**** Data extract ****
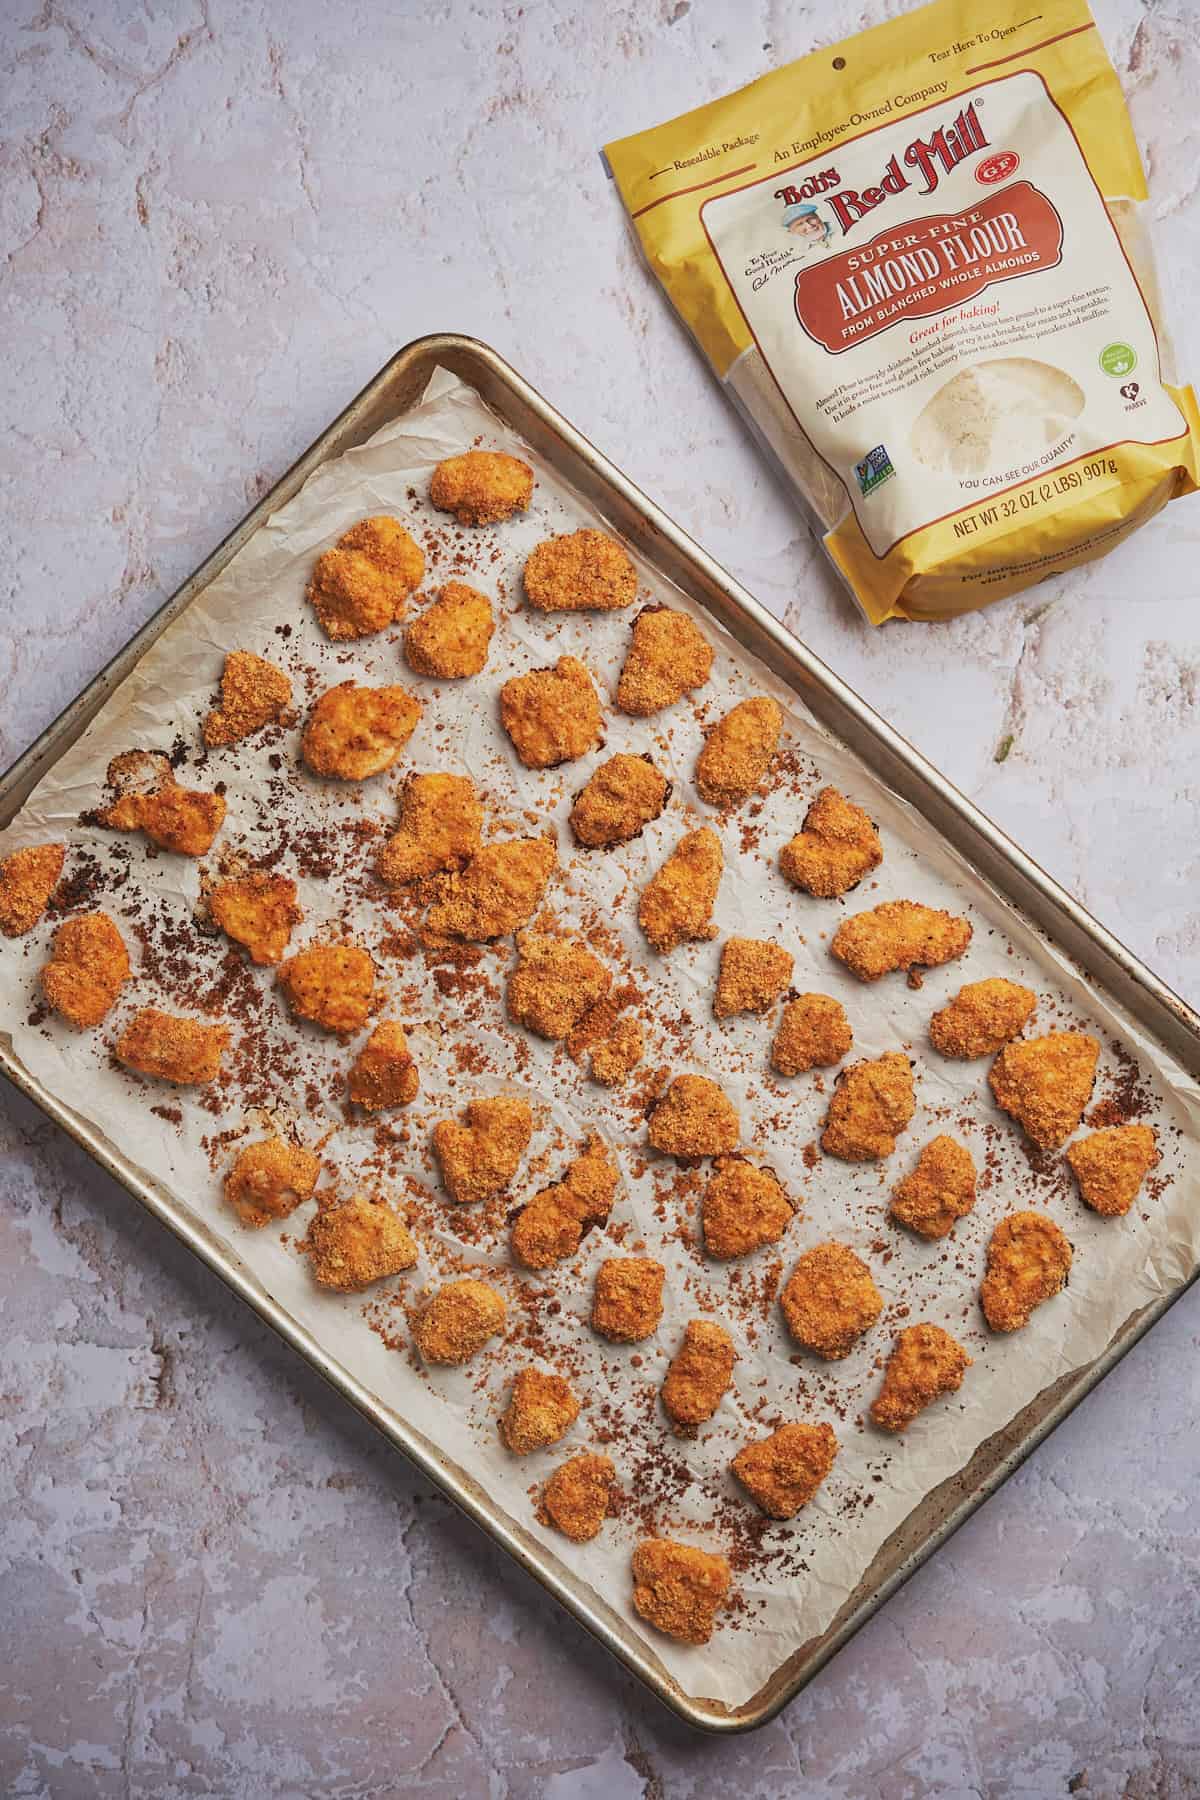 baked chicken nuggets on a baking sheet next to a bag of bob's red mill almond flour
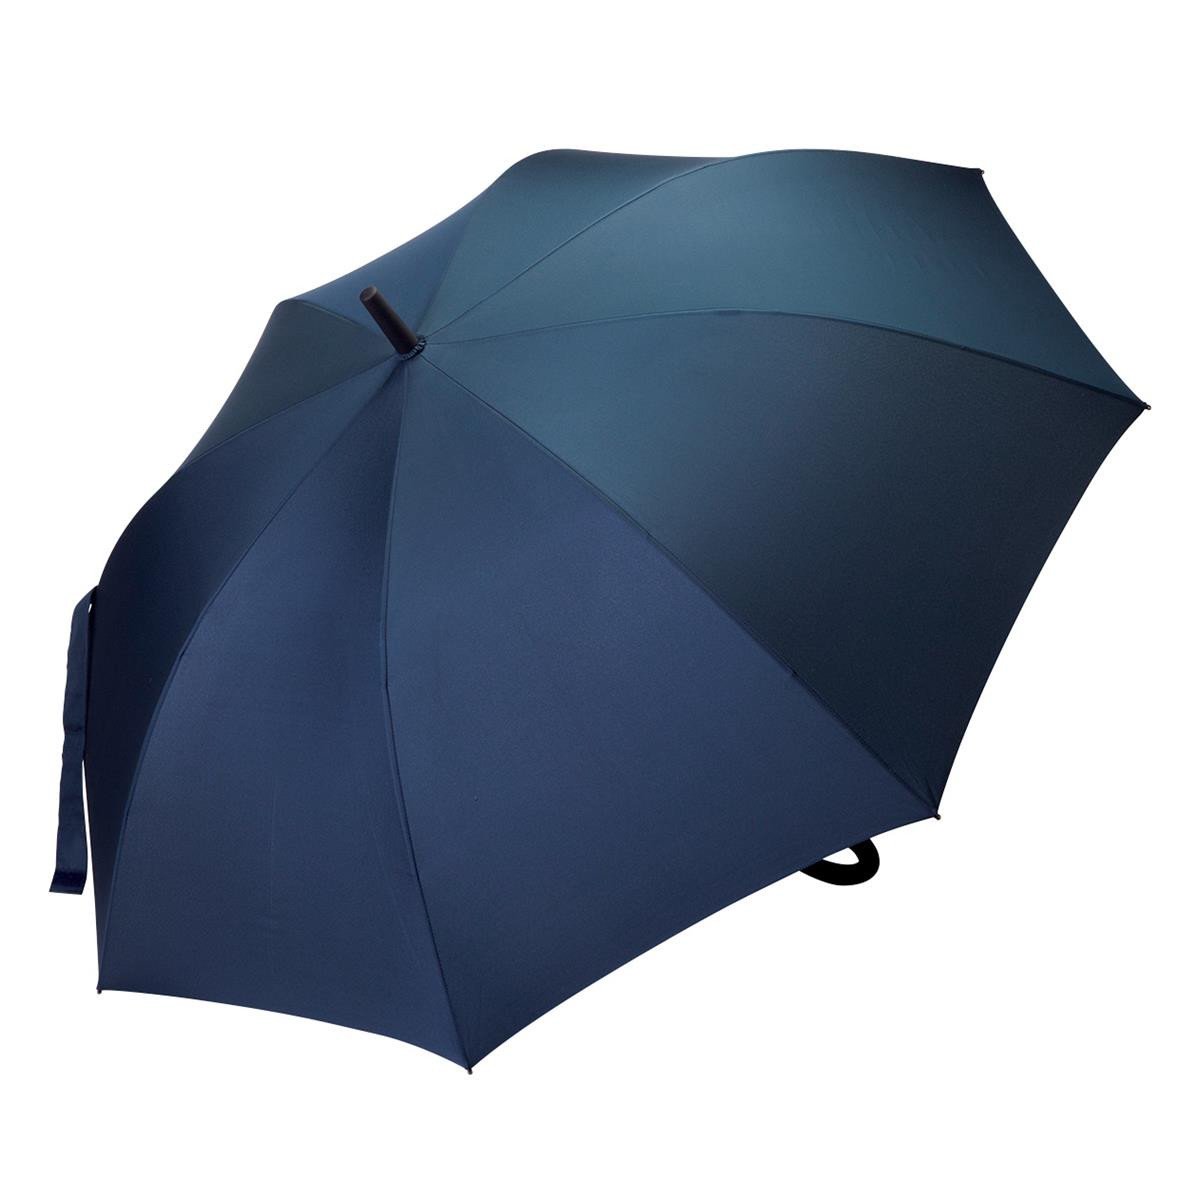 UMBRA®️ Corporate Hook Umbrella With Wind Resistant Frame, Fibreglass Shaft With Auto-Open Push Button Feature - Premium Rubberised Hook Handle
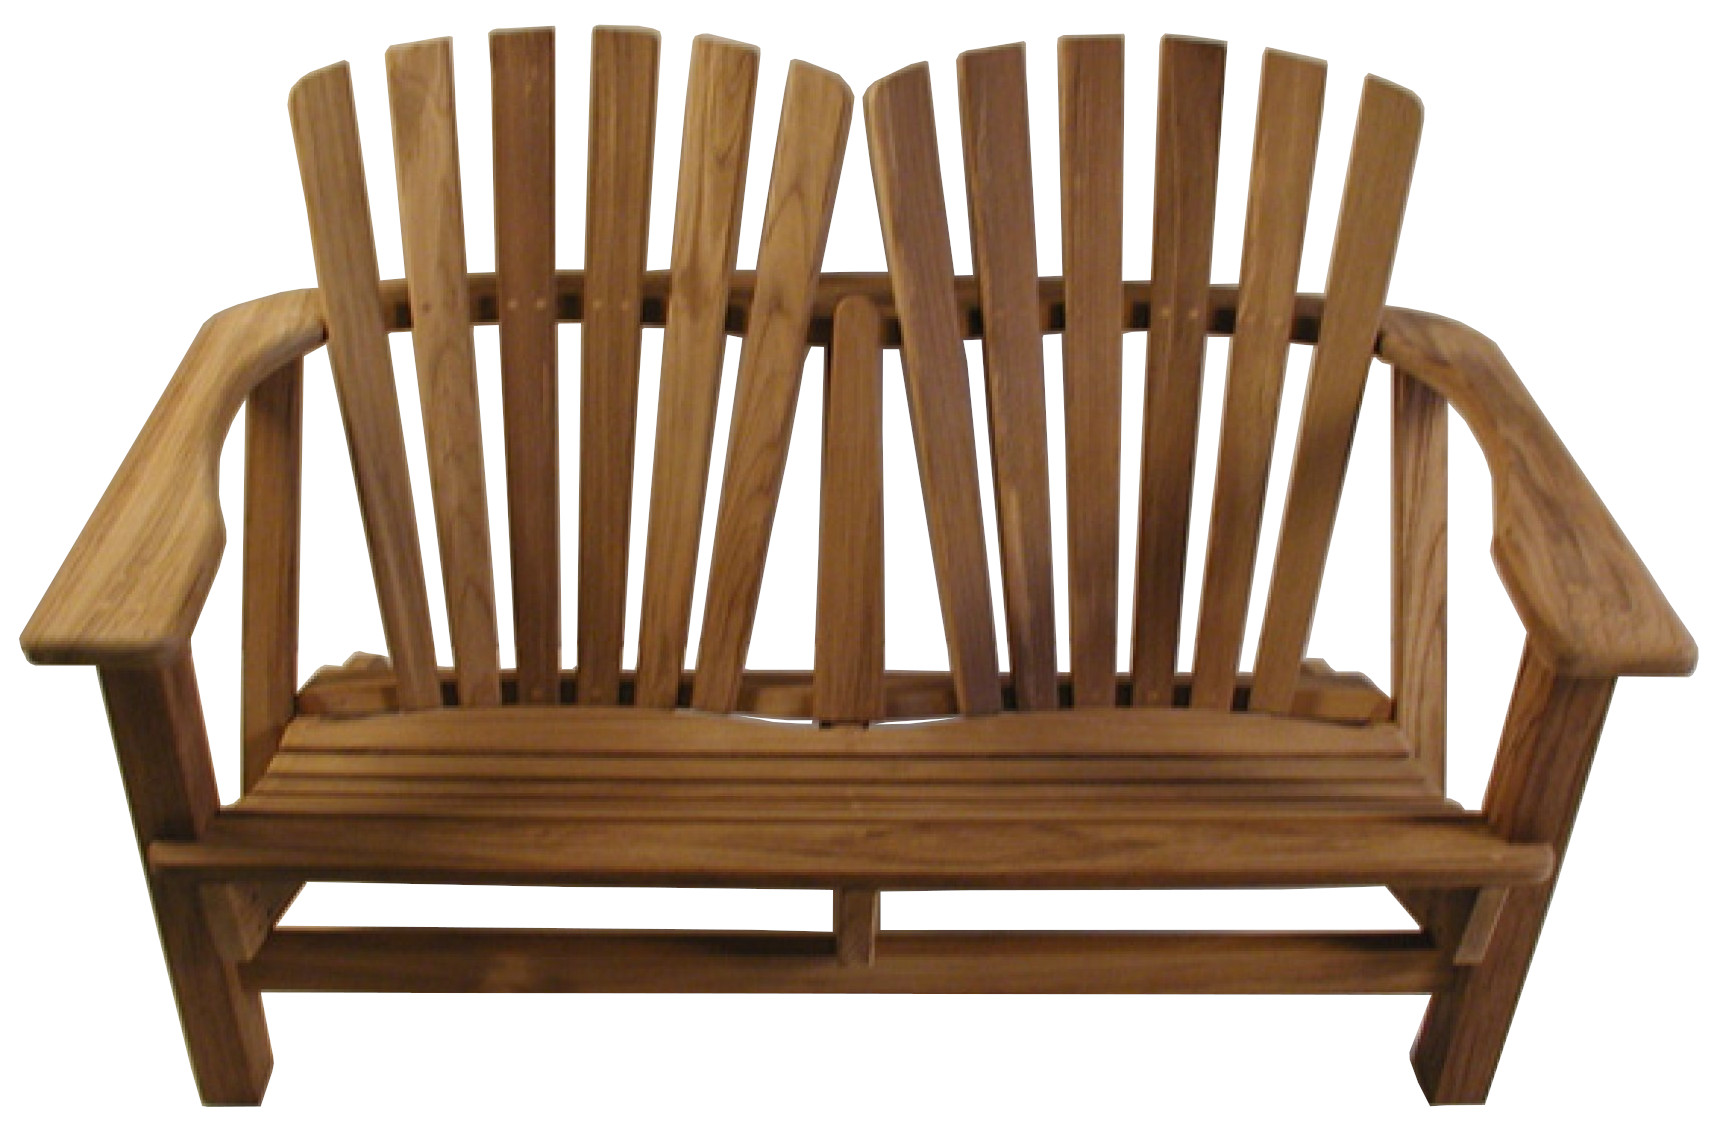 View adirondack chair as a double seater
****
Task instructions —
Drop the pictures and reproduce the rest of the data above exactly.

Reply to the exercise —
 baked chicken nuggets on a baking sheet next to a bag of bob's red mill almond flour
 UMBRA®️ Corporate Hook Umbrella With Wind Resistant Frame, Fibreglass Shaft With Auto-Open Push Button Feature - Premium Rubberised Hook Handle
 View adirondack chair as a double seater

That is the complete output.